For the first time in over 130 years, the UK has gone a full day without using coal power. From around 11pm on April 20 to midnight on April 21, the nation’s electricity demand was met through other sources, including wind, solar, nuclear and gas.
“To have the first working day without coal since the start of the Industrial Revolution is a watershed moment in how our energy system is changing”, said Cordi O’Hara, Director of the UK System Operator at the National Grid.
While coal has been a cornerstone of the UK’s energy production since the early 1880s, its usage has fallen in recent years. In 2015, the polluting fuel accounted for 23 percent of the nation’s energy creation, but this figure had fallen to just nine percent by 2016.
A combination of a low demand for electricity and a large amount of wind helped to create the nation’s landmark coal-free day
In an effort to cut carbon emissions in line with the Paris Agreement on climate change, the UK Government has pledged to phase out coal from its energy system over the next decade. At present, the UK has nine coal-burning plants, and the last of these is due to close in 2025. Many of the nation’s coal plants have already been closed or have been switched to biomass burning plants in a bid to reduce carbon emissions.
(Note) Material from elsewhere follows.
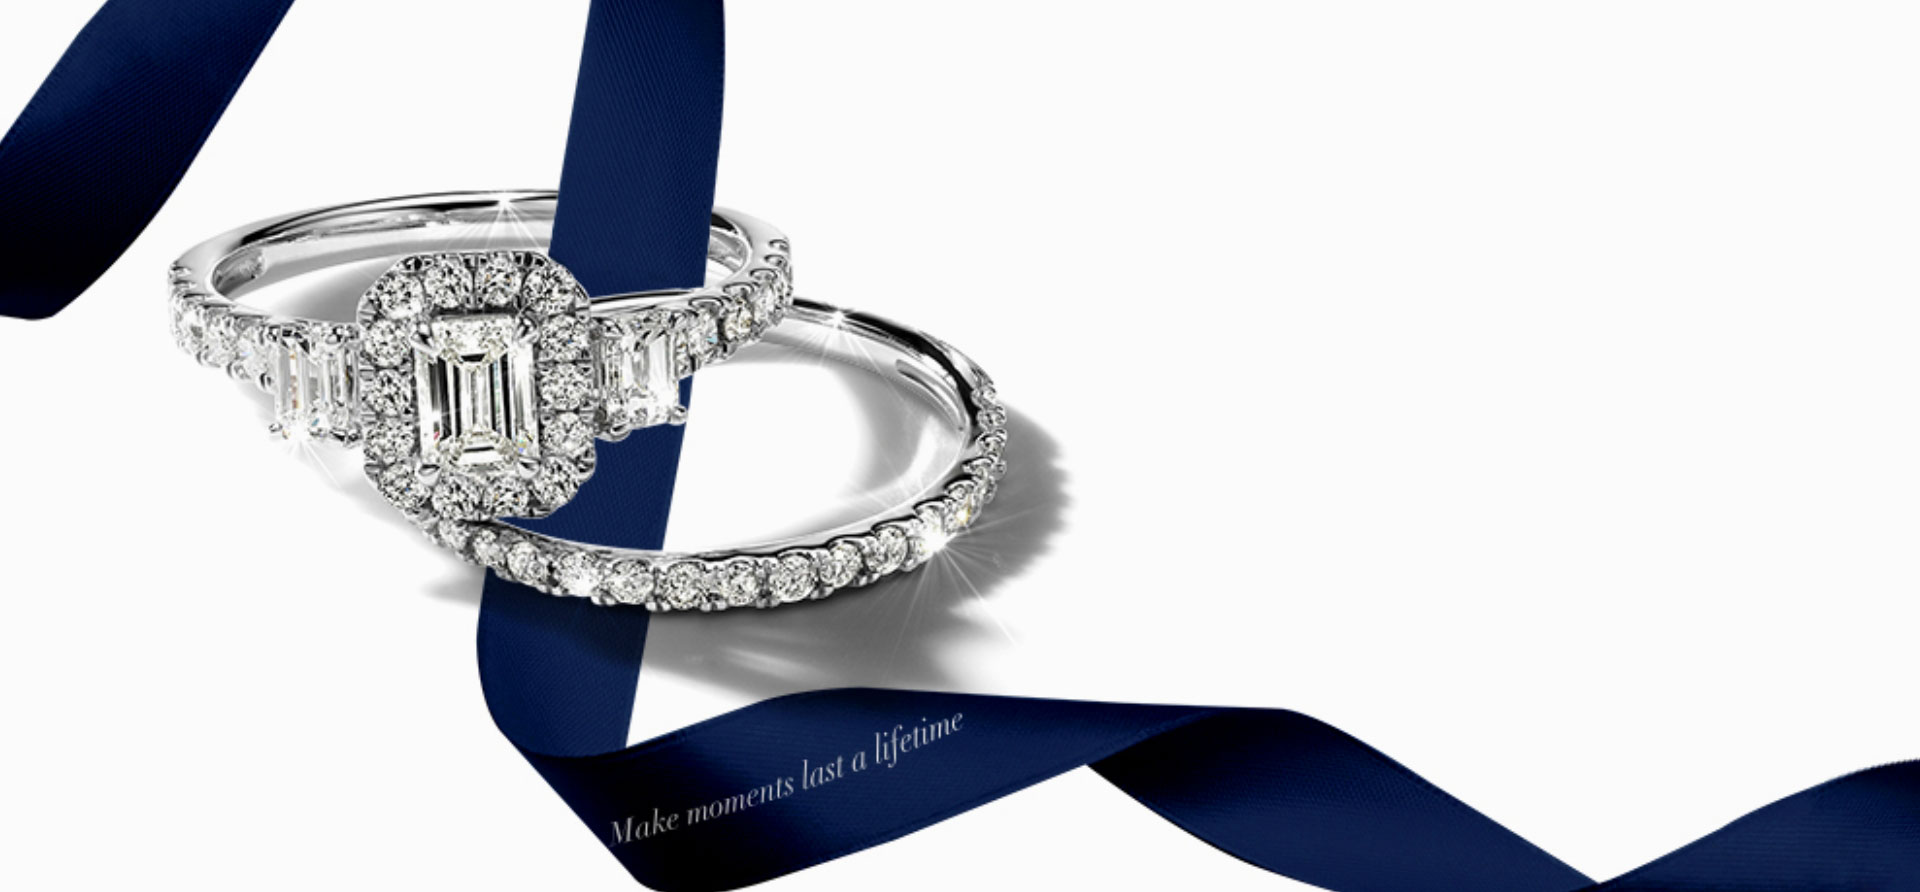 Brilliant Moments engagement ring and wedding band on a blue ribbon. Shop all Brilliant Moments 14K Gold and Diamond jewelry.
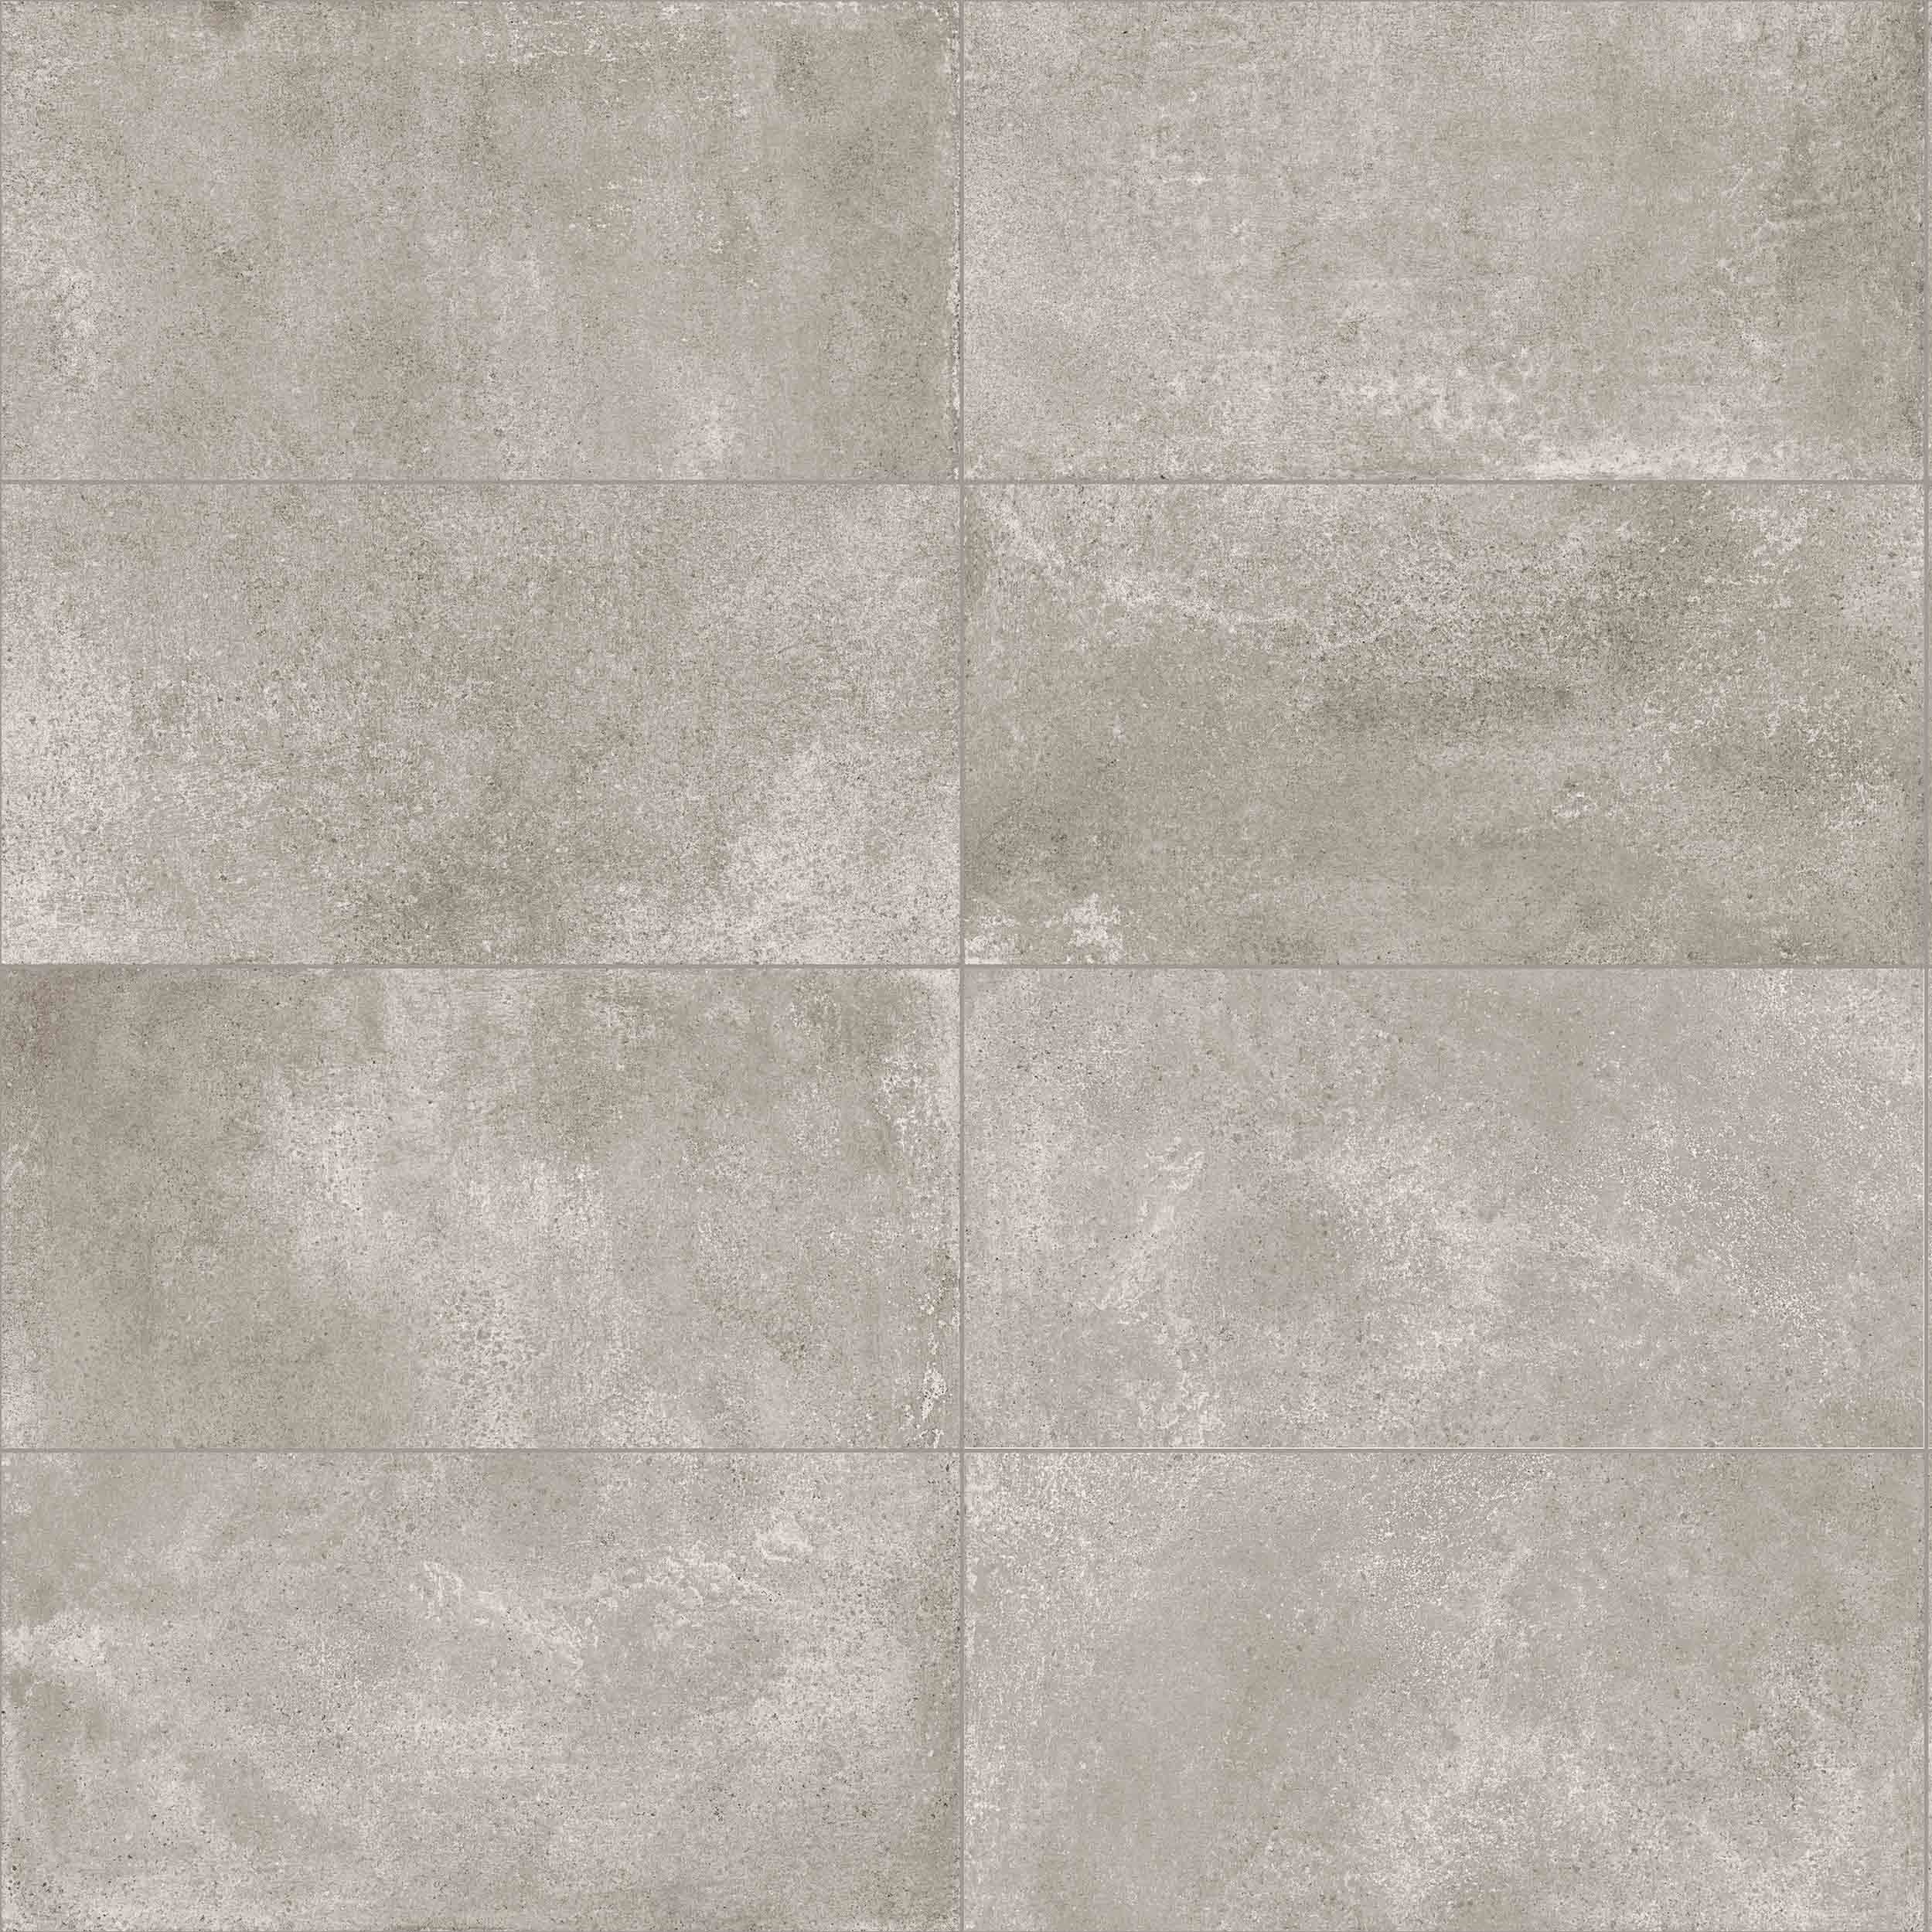 surface group international landmark made in stone vision grey grip field tile 12x24x9 mm for outdoor application manufactured by landmark

According to National Grid officials, a combination of a low demand for electricity and a large amount of wind helped to create the nation’s landmark coal-free day. Such zero-coal periods are becoming increasingly common in the UK, with the National Grid previously recording an impressive 19-hour coal-free spell in May 2016.
Green energy campaigners welcomed the achievement as a watershed moment in energy transition, anticipating more coal-free days to come as solar and wind power become further ingrained into the UK’s energy system.
“A decade ago, a day without coal would have been unimaginable, and in 10 years’ time our energy system will have radially transformed again”, said Hannah Martin, the Head of Energy and Climate at Greenpeace UK.
The zero-coal day may well be a sign of things to come as the UK shifts away from fossil fuels and increasingly integrates renewable alternatives into its energy mix. Indeed, in 2016, the UK generated more electricity from its wind farms than from its coal power plants, suggesting that renewable energies are on track to overtake fossil fuels in the not-too-distant future.